Instructions are in bytes, consisting of 4 bit op code and 4 bit data (usually a 16 byte offset into the workspace), but prefix instructions can load extra data for an instruction which follows, 4 bits at a time. Less frequent instructions can be encoded with 2 (such as process start, message I/O) or more bytes (CRC calculations, floating point operations, 2D block copies and scheduler queue management). The stack architecture makes instructions very compact, but executing one instruction byte per clock can be slow for multibyte instructions, so the T-9000 has a grouper which gathers instruction bytes (up to eight) into a single CISC-type instruction then sent into the 5 stage pipeline (fetching four per cycle, grouping up to 8 if slow earlier instructions allow it to catch up). For example, two concurrent memory loads (simple or indexed), a stack/ALU operation and a store (a[i] = b[2] + c[3]) can be grouped.
The T-9000 contains 4 main internal units, the CPU, the VCP (handling the individual links of the previous chips, which needed software for communication), the PMI, which manages memory, and the Scheduler.
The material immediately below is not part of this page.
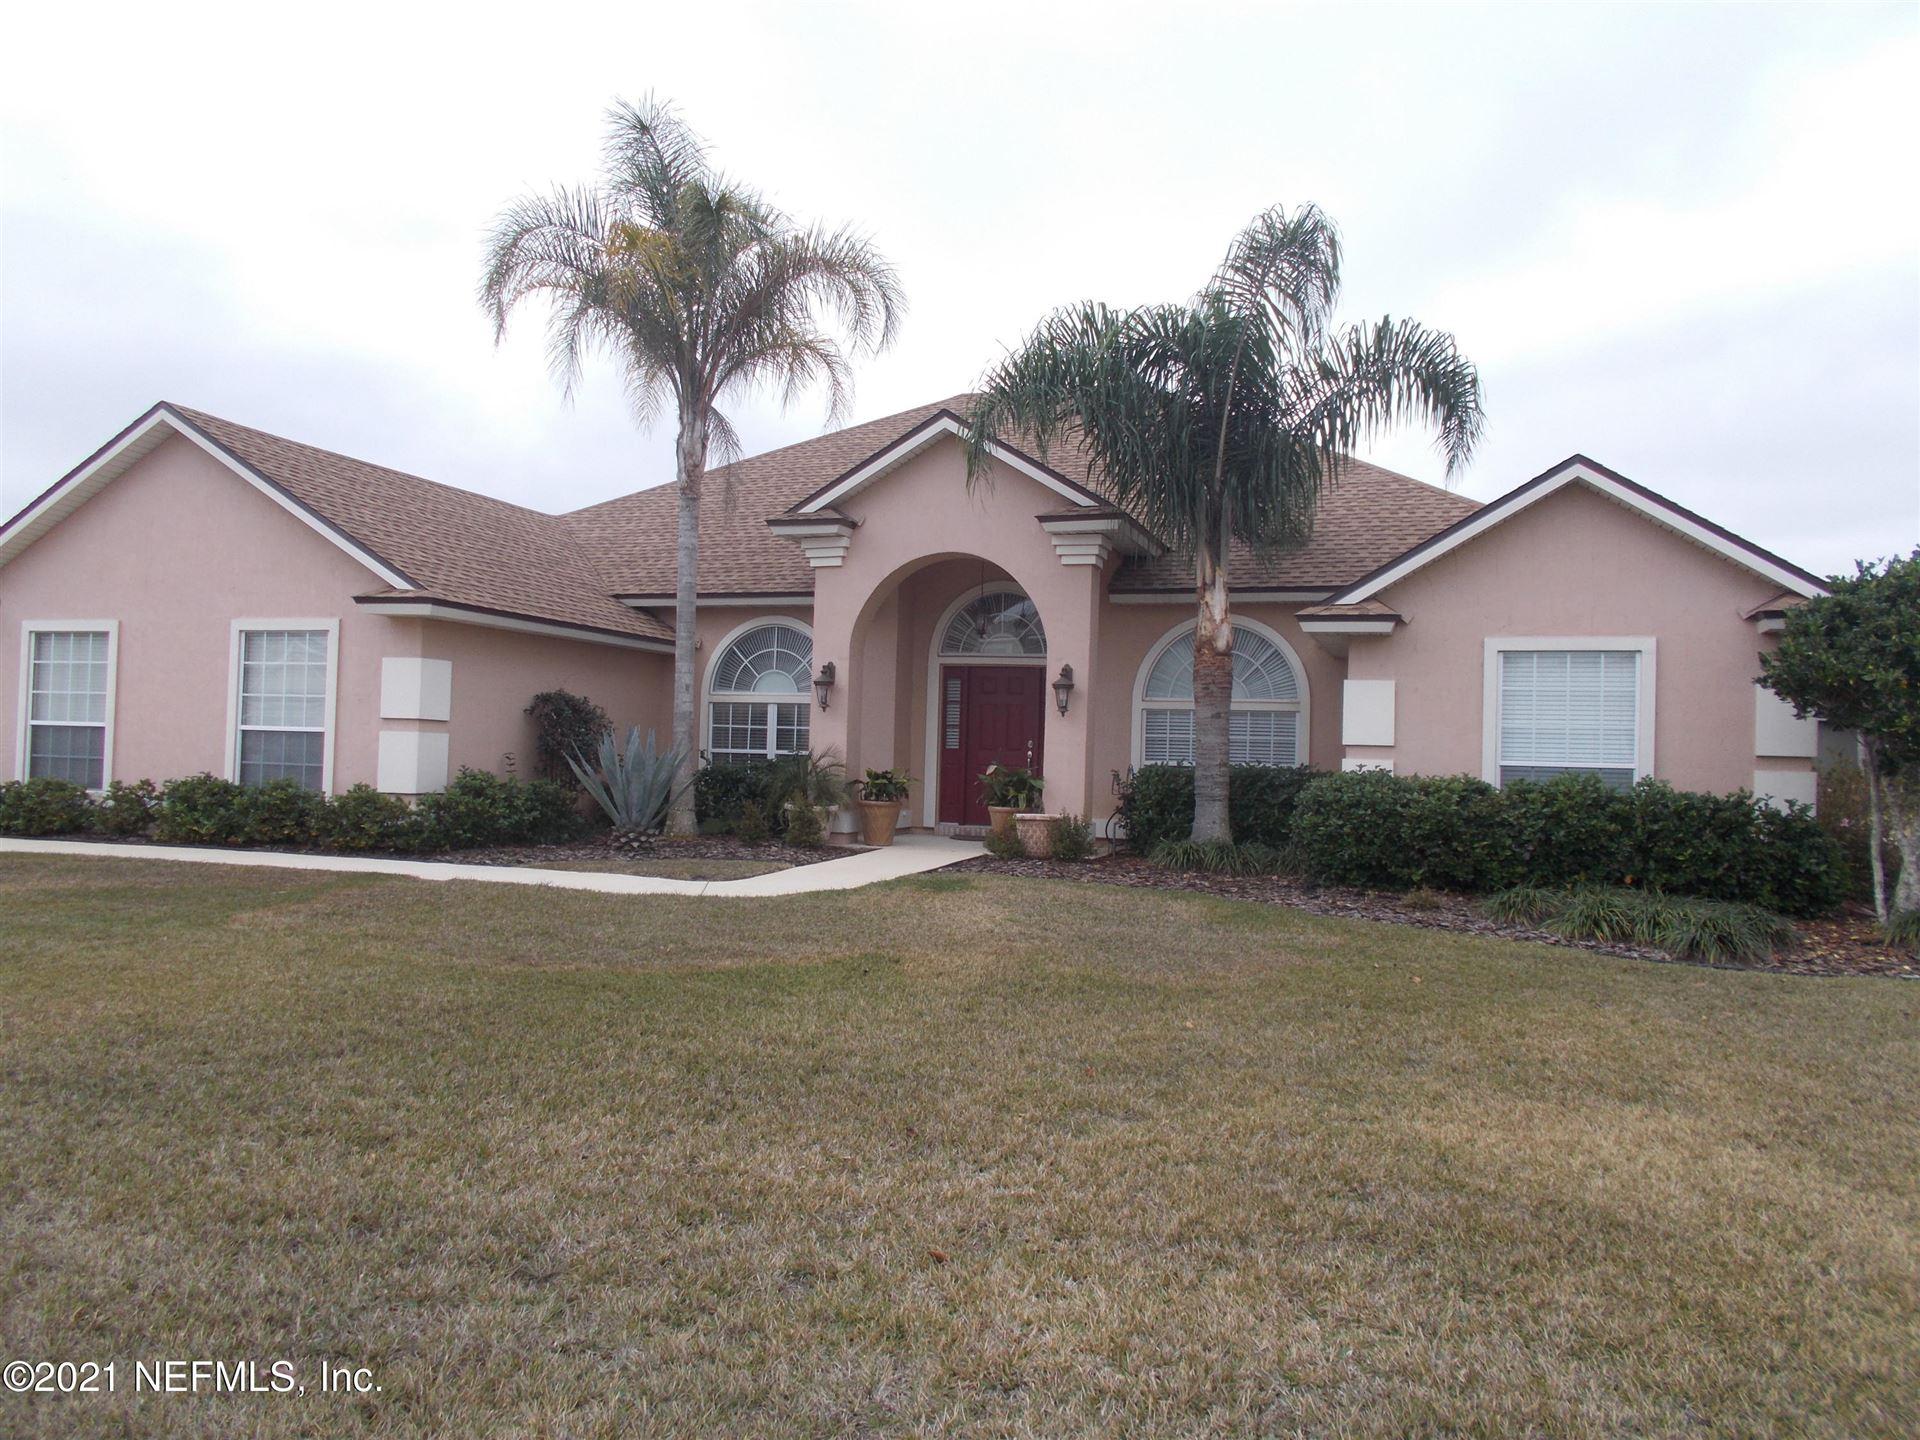 111 PRINCE PHILLIP DR, Saint Augustine, FL 32092 - MLS#: 1090259

This processor is ideal for a model of parallel processing known as systolic arrays (a pipeline is a simple example). Even larger networks can be created with the C104 crossbar switch, which can connect 32 transputers or other C104 switches into a network hundreds of thousands of processors large. The C104 acts like a instant switch, not a network node, so the message is passed through, not stored. Communication can be at close to the speed of direct memory access.
Like the many CPUs, the Transputers can adapt to a 64, 32, 16, or 8 bit bus. They can also feed off a 5 MHz clock, generating their own internal clock (up to 50MHz for the T-9000) from this signal, and contain internal RAM, making them good for high performance embedded applications.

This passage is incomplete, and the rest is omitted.